Identification of specific EC subpopulations associated with brain metastasis (BM). The tSNE plot of epithelial cells (ECs), color-coded by origins (A) and clusters (B). (C) Pseudotime trajectory analysis of malignant ECs from primary tumors (PTs) (left) and BMs (right) ordered and annotated by 7 cellular states. Trajectory analysis of cluster EC2 yielded 3 cellular states (D) organized into 1 root and 2 branches generated by cell fate decisions (E). (F) The differential hallmark pathways among the three cellular states by gene set variation analysis (GSVA). ^nsP > .05, *P <.05, and ***P < .001. (G) Heatmap of 45 branch-dependent genes across 3 states identified by branched expression analysis modeling. The white arrow represents the transitions from state S1 (prebranch) to S2 (cell fate 1) or S3 (cell fate 2). (H) GSVA demonstrated the differential hallmark pathways between brain metastasis-associated epithelial cells and MECs in PT.

Figure 5.

Validation of brain metastasis-associated epithelial cells (BMAECs) associated with metastasis and prognosis in the Peking Union Medical College Hospital cohort. (A) The workflow for identifying the most representative genes for BMAECs. (B) Representative multiplex IF staining plots of the primary tumor (PT) and brain metastasis (BM) samples. The inserts are zoomed-in views of S100A9⁺EPCAM⁺ cells (arrows).
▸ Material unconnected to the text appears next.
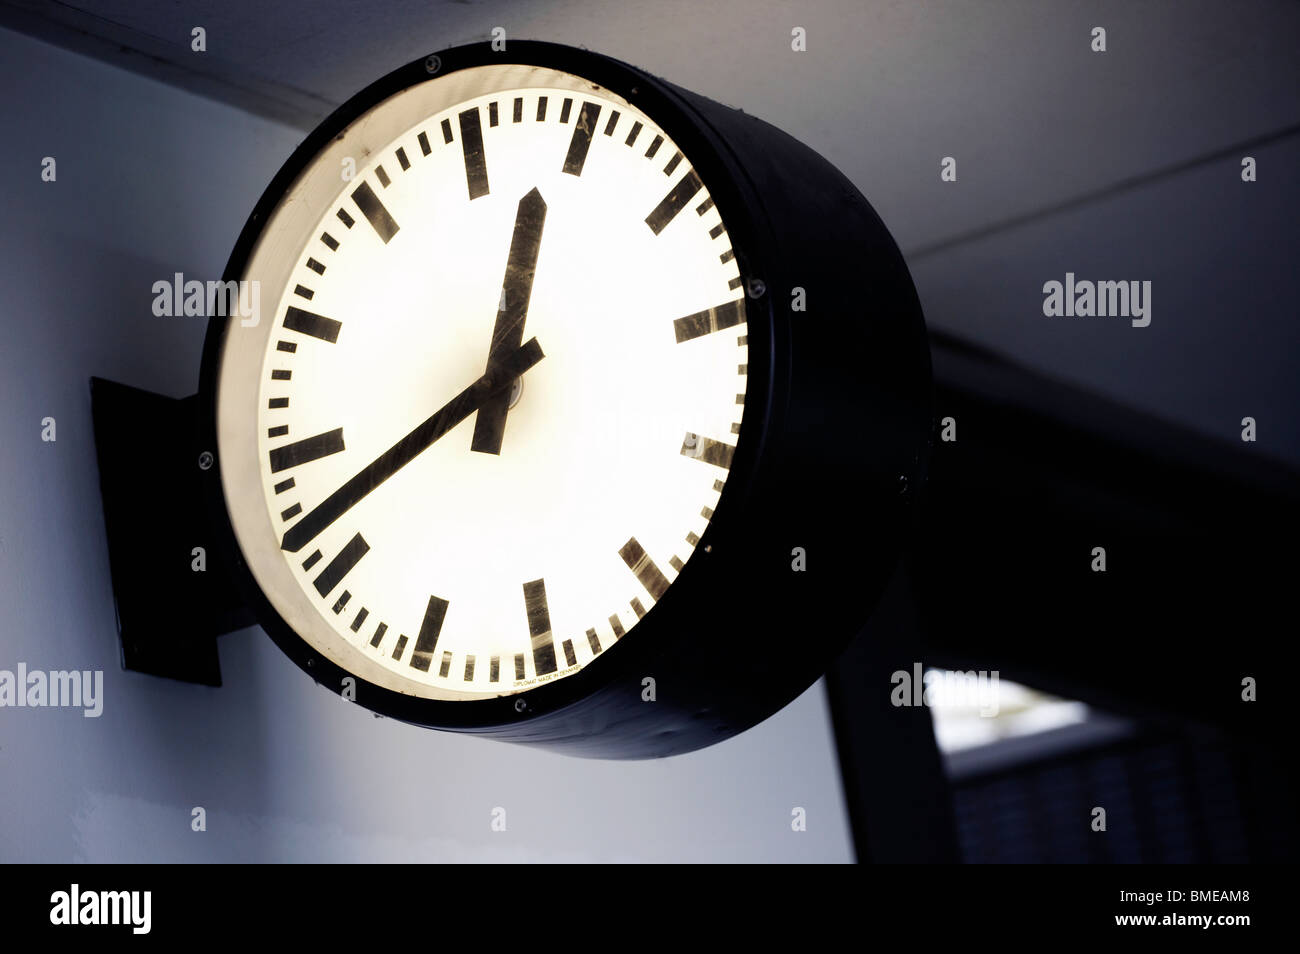 Nahaufnahme der Uhr am Bahnhof Stockbild
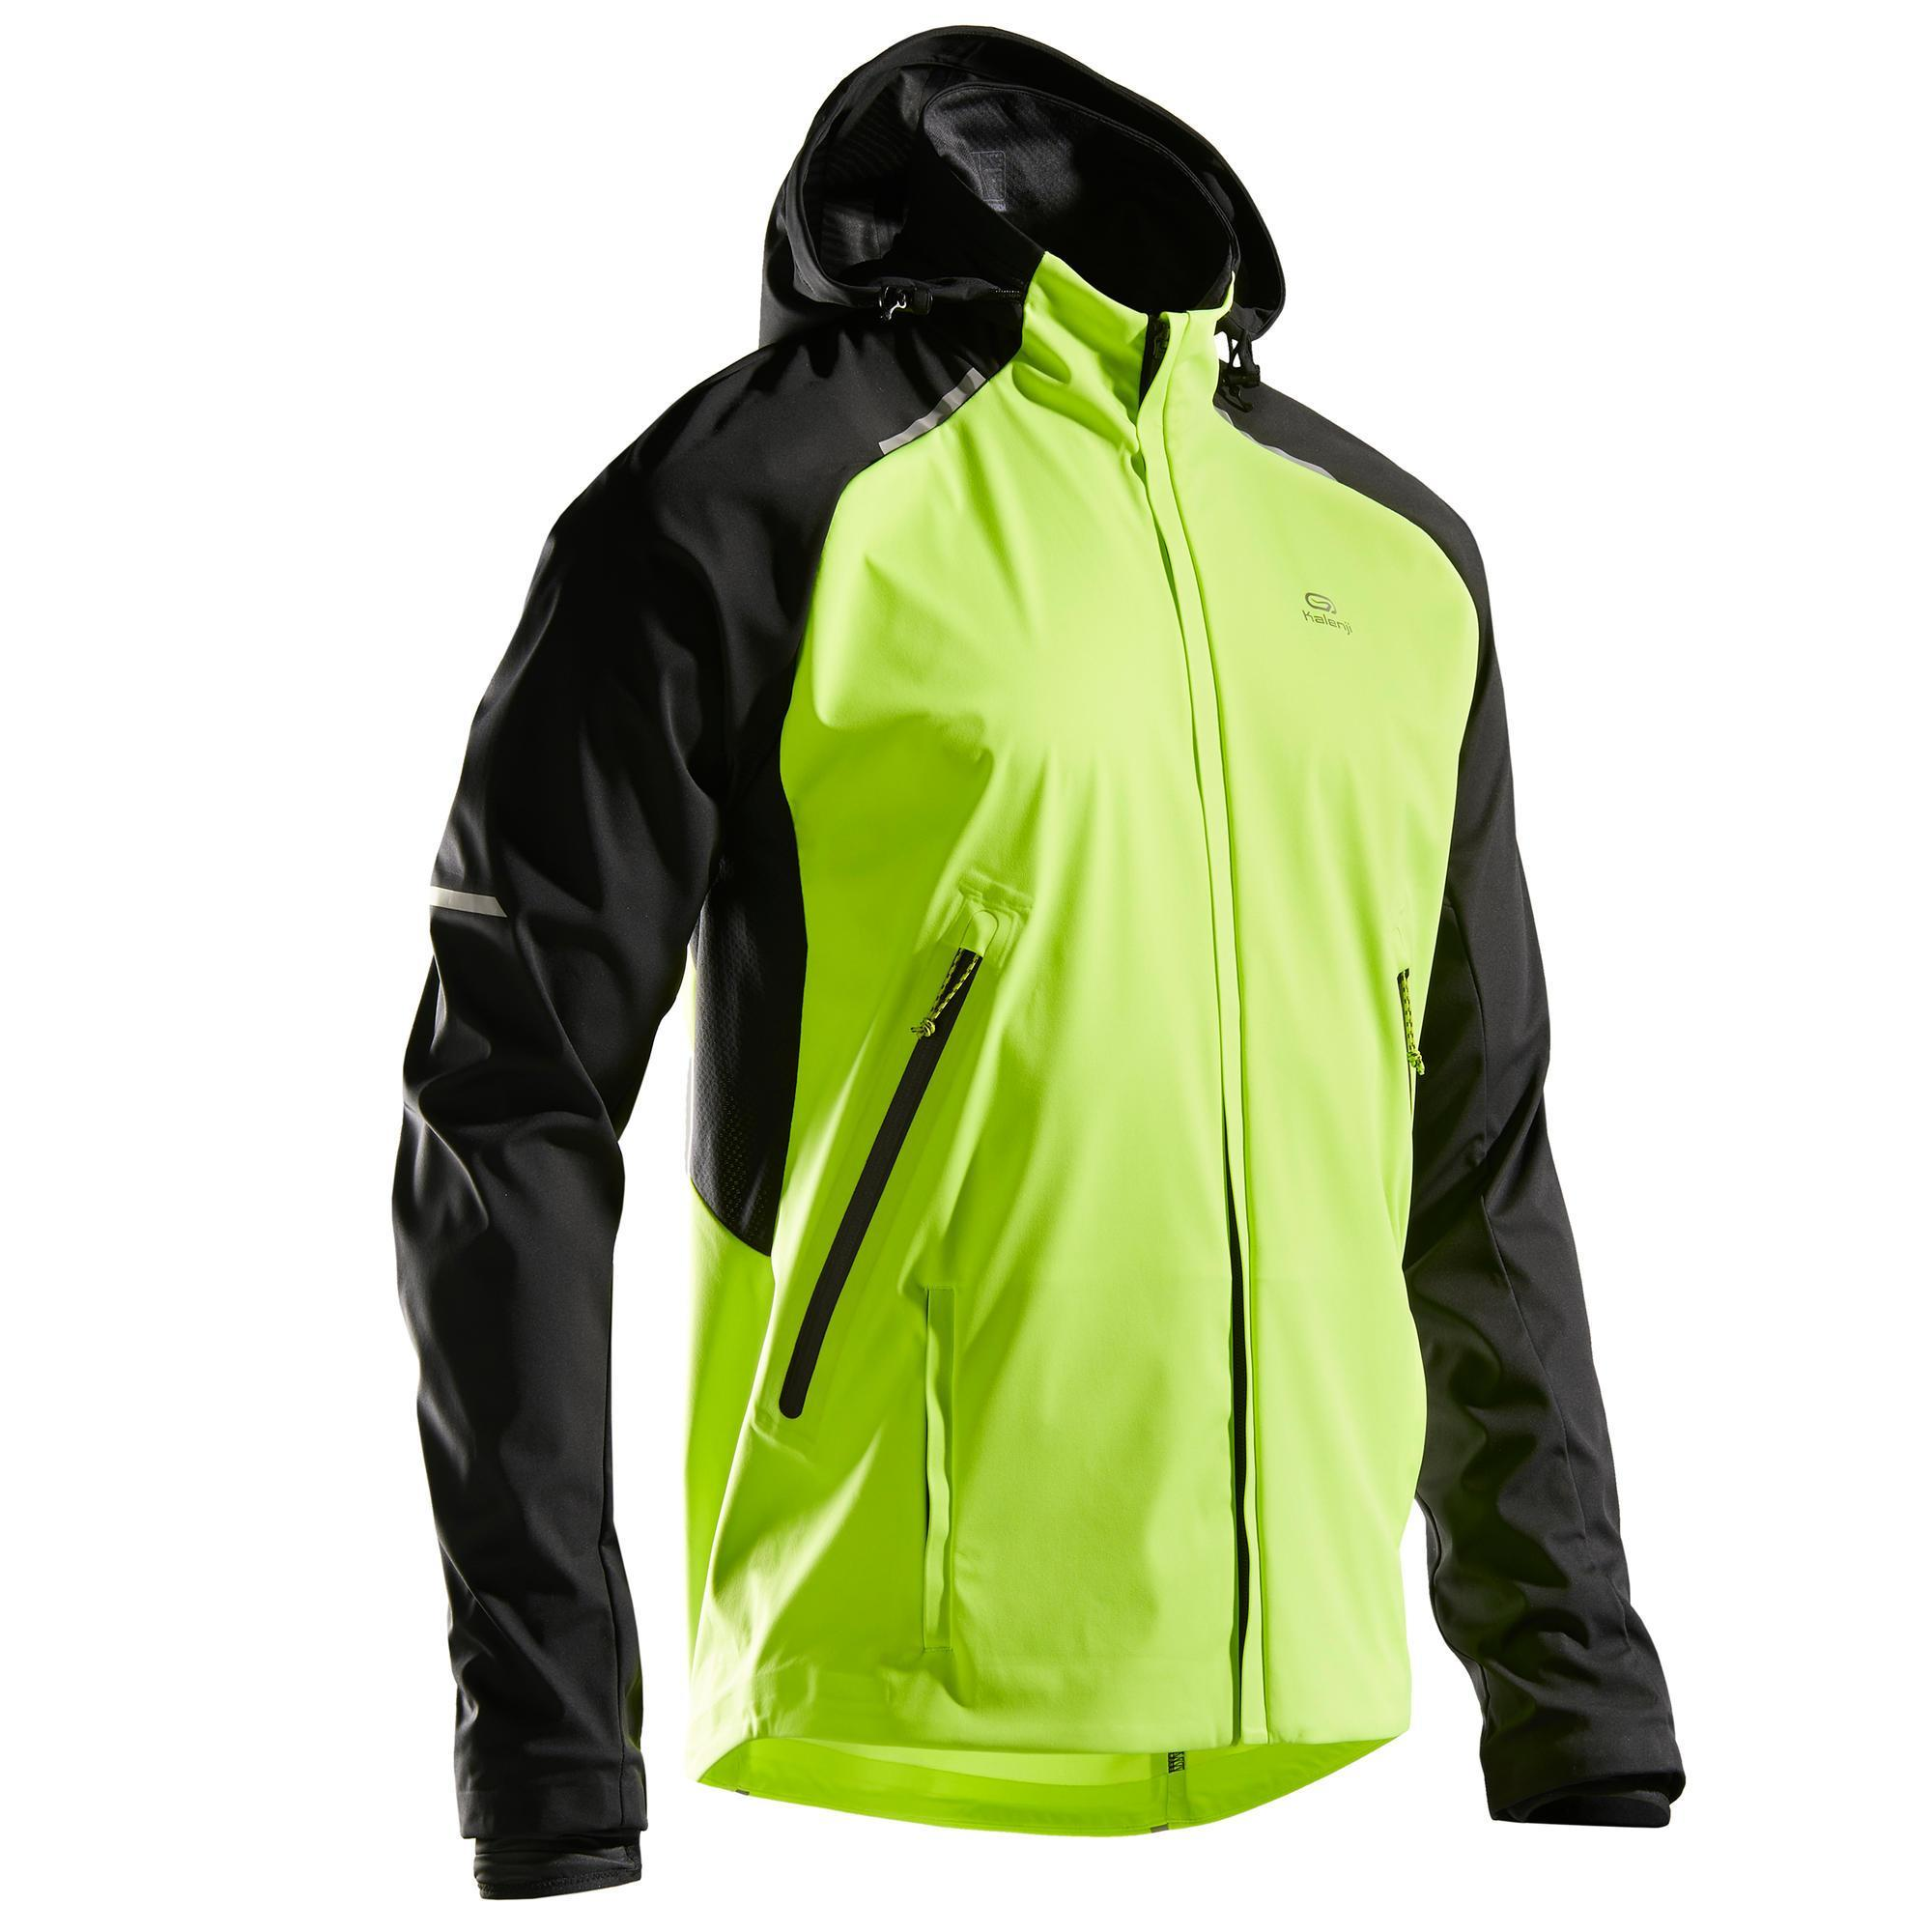 Laufjacke wasserabweisend winddicht Winter Kiprun Warm Regul Herren   Sportbekleidung > Sportjacken > Laufjacken   Kiprun

Scale bar: 100 μm. (C) Comparisons of the BMAEC proportions among PT, BM, and NMPT samples. (D) Comparisons of the BMAEC proportions among PT, MBM, and PBM samples. ^nsP > .05, **P < .01, and ****P < .0001. (E) ROC curve for evaluating the performance of the BMAEC proportion to discriminate LUAD samples with or without BM. (F) Confusion matrices of the binary results of the BMAEC proportion for discriminating PT and NMPT. K–M survival analysis for evaluating the associations between metastasis-free survival (G), OS (H), and BMAEC proportions in LUAD patients.

Figure 6.

Identification of therapeutic drugs with high drug sensitivity for brain metastasis-associated epithelial cells (BMAECs) and high-brain metastasis (BM) index patients. (A) An overview of the association between the BM index and clinicopathological features of patients. Columns represent LUAD patients ranked by BM index from low to high (top row), and other rows represent the clinical features. *P < .05 and ***P < .001. (B) K–M survival analyses demonstrated significantly poorer OS (B) and DFS (C) in patients with a high BM index. (D) The overall workflow for identifying highly sensitive candidate drugs targeting BMAECs and for patients with a high BM index. (E) The differential drug-response analysis (boxplots, upper panel) and Spearman’s correlation analysis (lower panel) of lapatinib. Spearman’s correlation analysis between gene/protein expressions of drug targets of lapatinib and drug-response AUCs in BMAECs/MECs (F, left panel), high/low-BM-index patients (G, left panel; H, left panel). The differential expression analysis of drug targets between BMAECs and MECs (F, right panel), high- and low-BM-index patients (G, right panel; H, right panel). The vertical dotted line represents the cutoff value of the false discovery rate as 0.05.